Выбритый, наодеколоненный, в свежей сорочке, при галстуке, я вышел завтракать.

— Доброе утро, Катя. Доброе утро, Сева.

Да, и Сева тут, за столом. Далеко не каждое утро нам удается встретиться — встаем в разное время, в разное время разбегаемся, он оперативнее меня, я из числа «сов», люблю полуночничать. Днем Сева домой залетает редко. И я и мать едва ли не с первых дней поняли — сын не собирается прирастать к нам, сейчас живет в стороне, со временем улетит.

Жизнь его явно деятельная, но какие в ней заботы, какие радости и огорчения — от нас скрыто. Он приучил нас не волноваться из-за слишком поздних возвращений, иногда звонил: «Срываюсь с товарищем к нему на дачу, там и заночую в тепле и уюте. Прошу не подымать паники. Завтра вечером увидимся».

А когда-то мы не верили в самостоятельность нашего сына. Порой мне влезала в голову дикая мысль: «Удивимся ли, если вдруг откроется, что Сева замешав в воровстве или бандитизме?» Каждый раз я оскорблялся сам на себя — такое подумать! — но от этого веры в сына не прибавлялось.

Он вырос среди книг и прежде полосами увлекался литературой, доступной для его возраста. Но после возвращения Сева ни разу не протянул руку к полкам. И когда ему читать? Он не оставался наедине с собой — в деятельности, в общении. Право же, надо быть увлеченным человеком, чтоб вести такую непоседливую жизнь. Но никакие науки его не увлекали, никаких особых пристрастий не замечалось напротив, мою увлеченность историей он считал безобидной слабостью — у папы хобби.

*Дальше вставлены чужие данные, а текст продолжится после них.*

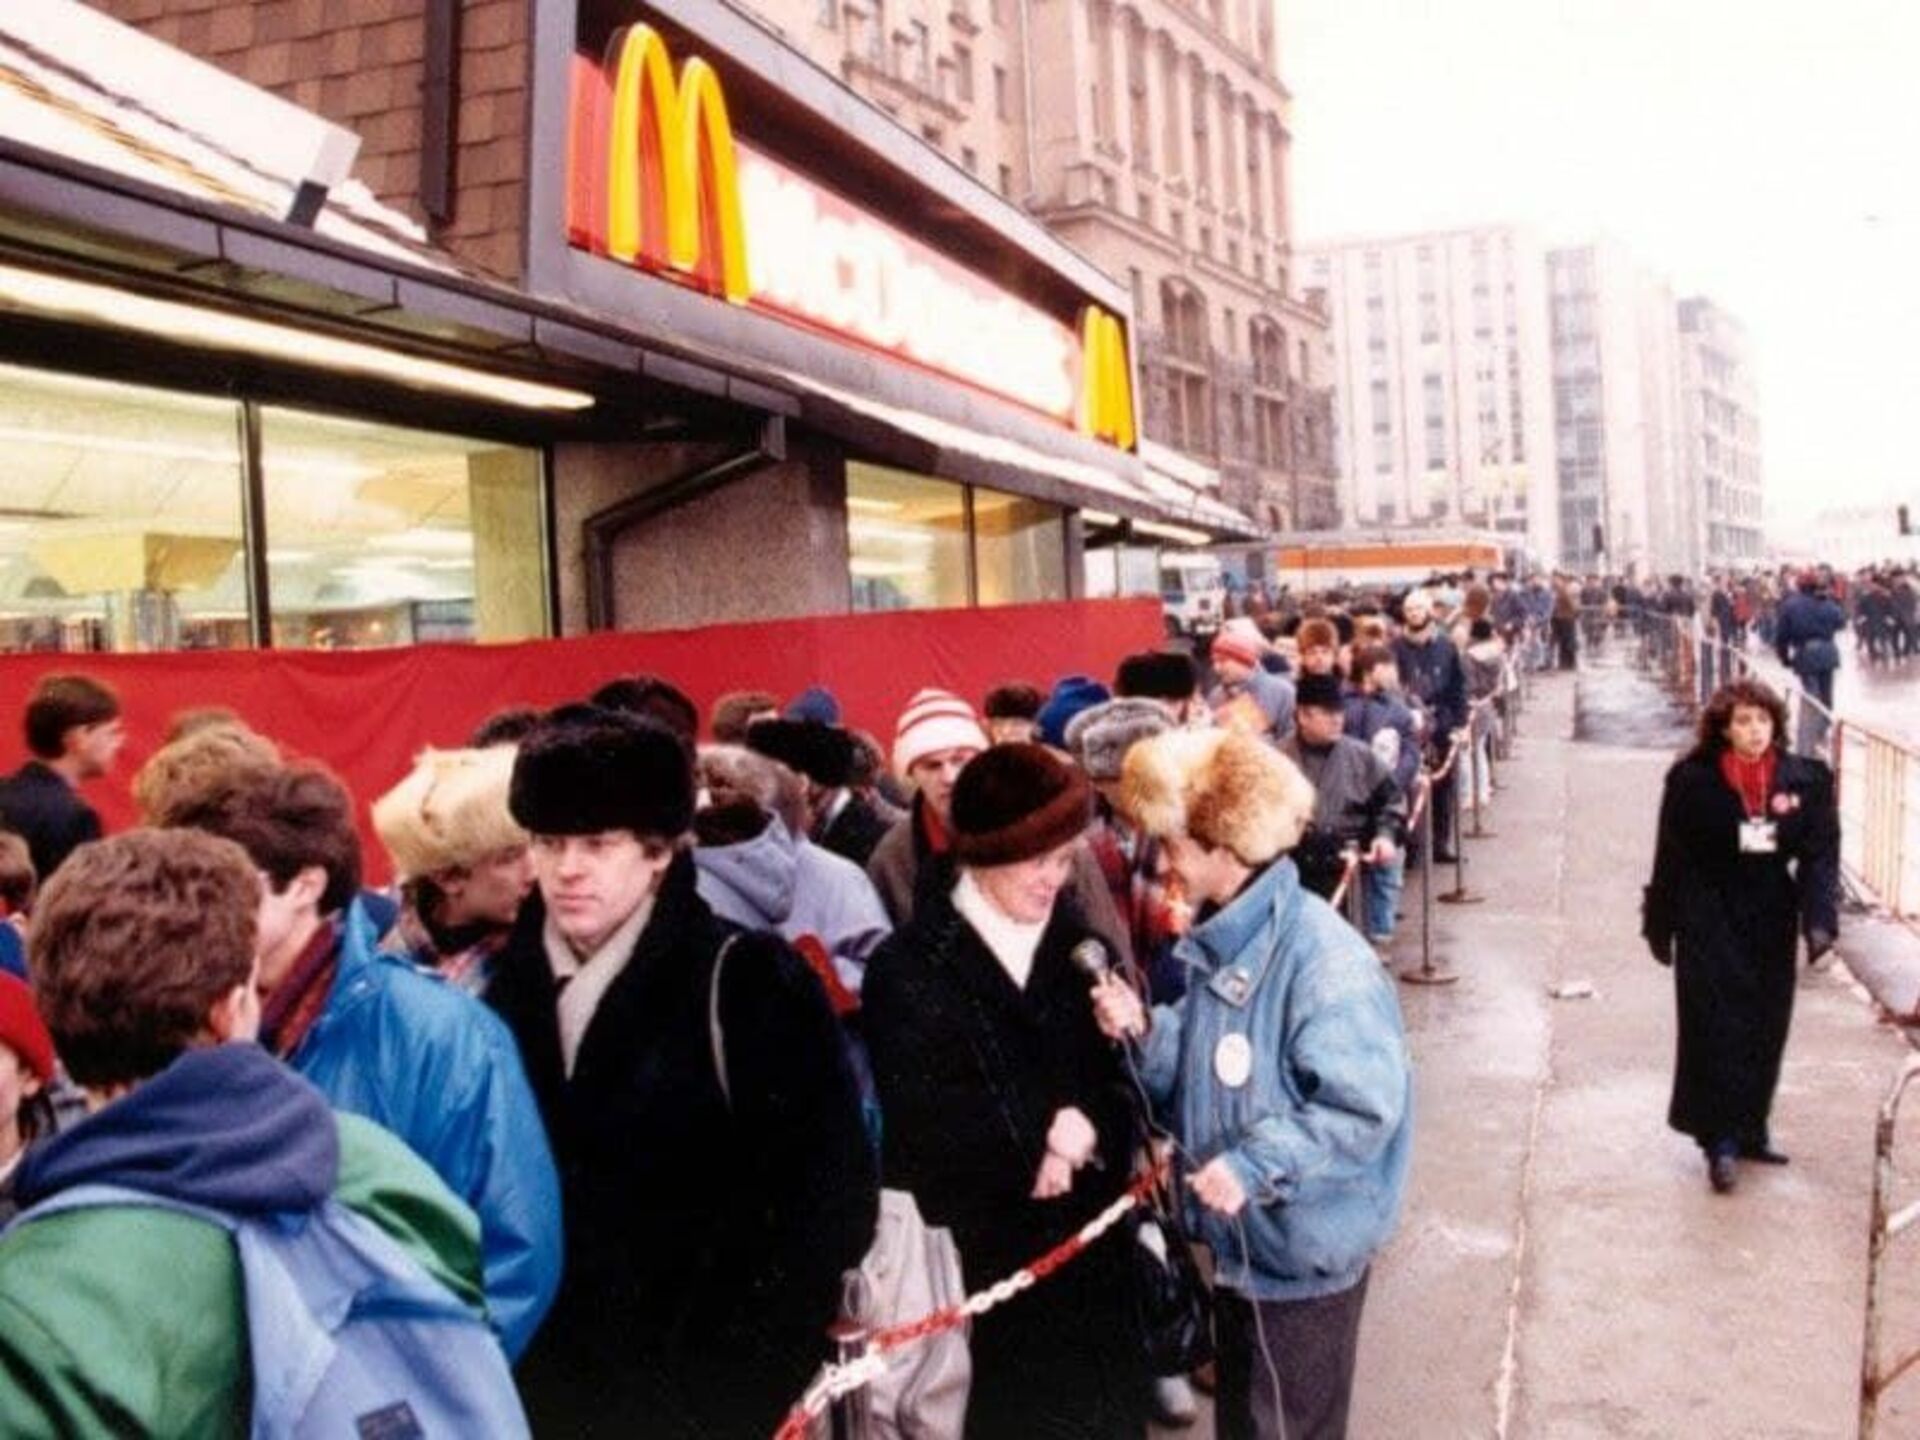 Какие макдональдсы открылись в москве. Открытие первого Макдональдса в Москве в 1990 году. Очередь в первый макдональдс в Москве 1990. Макдональдс 1990 Москва. Макдональдс в 1990 году в Москве.

И, наверно, на любого, кто к чему-то неравнодушен, он смотрел с превосходством — человек со слабинкой, вот я не таков.

Сева охотно (даже очень охотно!) соглашался — мир не идеален, ненадежен, неустроен и вообще, по его выражению, «лажа кругом», но соглашался без беспокойства, без возмущения. С высоты своих умудренных двадцати трех неполных лет он покровительственно охлаждал меня неунывающим советом: «Не фонтанируй, папа. Береги адреналинчик».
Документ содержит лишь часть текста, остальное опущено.